Among the ten guiding principles of AFP is the following, at number three: “AFP journalists must protect the confidentiality of sources and must never knowingly put them in harm’s way.” This is emphasised again in the main body of the text under “Protection of sources”. This states: “Journalists have a duty to protect the identity of confidential sources … and should never knowingly put them at risk.” Furthermore “AFP journalists should never hand over their recordings, notes or images to a third party.”

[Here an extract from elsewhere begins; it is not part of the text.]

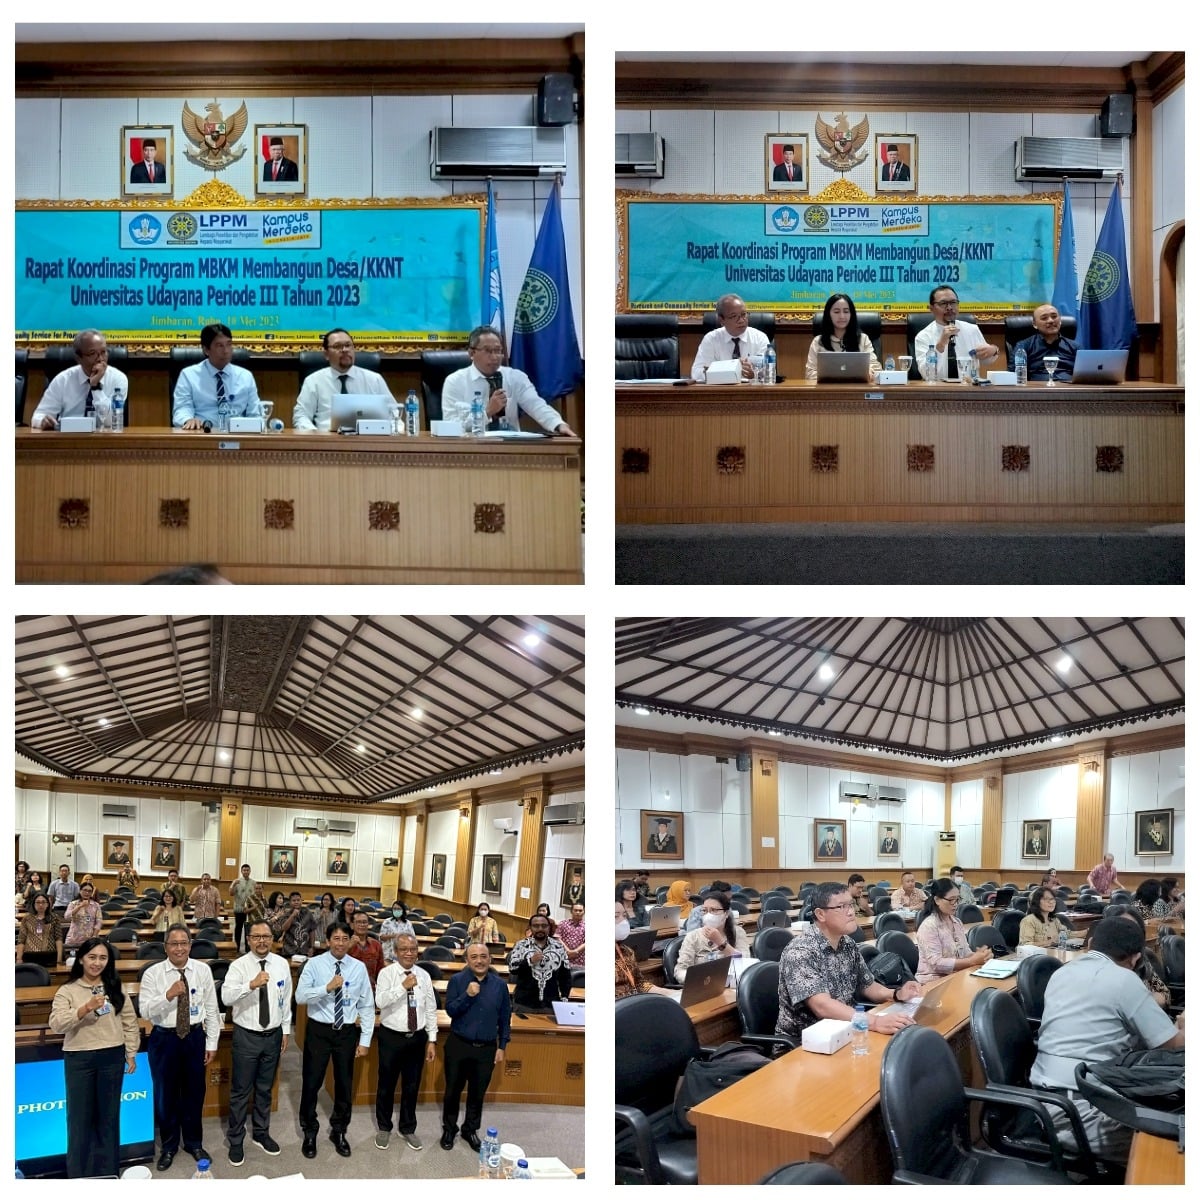 LPPM Universitas Udayana Gelar Rapat Koordinasi Program MBKM Membangun Desa/KKNT Periode III Tahun 2023

These rules are particularly relevant here as Africa Check is in large part a project of its founding partner, the AFP Foundation, which is an initiative of AFP. Its Executive Director, Peter Cunliffe-Jones, is a veteran journalist who spent most of his career with AFP, rising to the position of chief editor for Asia and then serving as Deputy Director of the AFP Foundation. Robert Holloway, the chairman of the board, is another AFP veteran and currently director of the AFP Foundation. Another board member with AFP links is Boris Bachorz currently the AFP’s Director for Africa.

In other words simply by demanding the “name” of my “source” and/or “evidence” of any “correspondence” with them Africa Check was asking me to flout one of the most fundamental ethical principles of journalism, and commit offences that would likely have got Cunliffe-Jones, Holloway and Bachorz (deservedly) sacked and drummed out of the profession had they ever committed them while working as reporters for the AFP.

It is strange then that this organisation, headed by such journalists, thought that this was a demand that it was appropriate to press on Politicsweb. Perhaps though the new journalistic enterprise of “fact checking” had somehow superseded the older journalistic code? This certainly was the impression created by the aggressive way in which Africa Check has demanded this information, first in private and then in public (!).

In her article Kate Wilkinson boasted that “Africa Check is a signatory of the International Fact-Checking Network’s Code of Principles. This means, among other things, that we are committed to the transparency of our sources and methods of research. The principles state that ‘signatories want their readers to be able to verify findings themselves. [They] provide all sources in enough detail that readers can replicate their work.’”

The argument is that by refusing to disclose to Africa Check how exactly I came by the data I cited in my “fact check” I was flouting these principles, and failing to act with the requisite “transparency”. If you go through though to the original of the IFCN Code of Principles the relevant section reads as follows in full:

Signatories want their readers to be able to verify findings themselves. Signatories provide all sources in enough detail that readers can replicate their work, except in cases where a source’s personal security could be compromised. In such cases, signatories provide as much detail as possible.” (my emphasis)

Africa Check’s behaviour on this score then – apart from being entirely unnecessary - was completely improper, and reckless.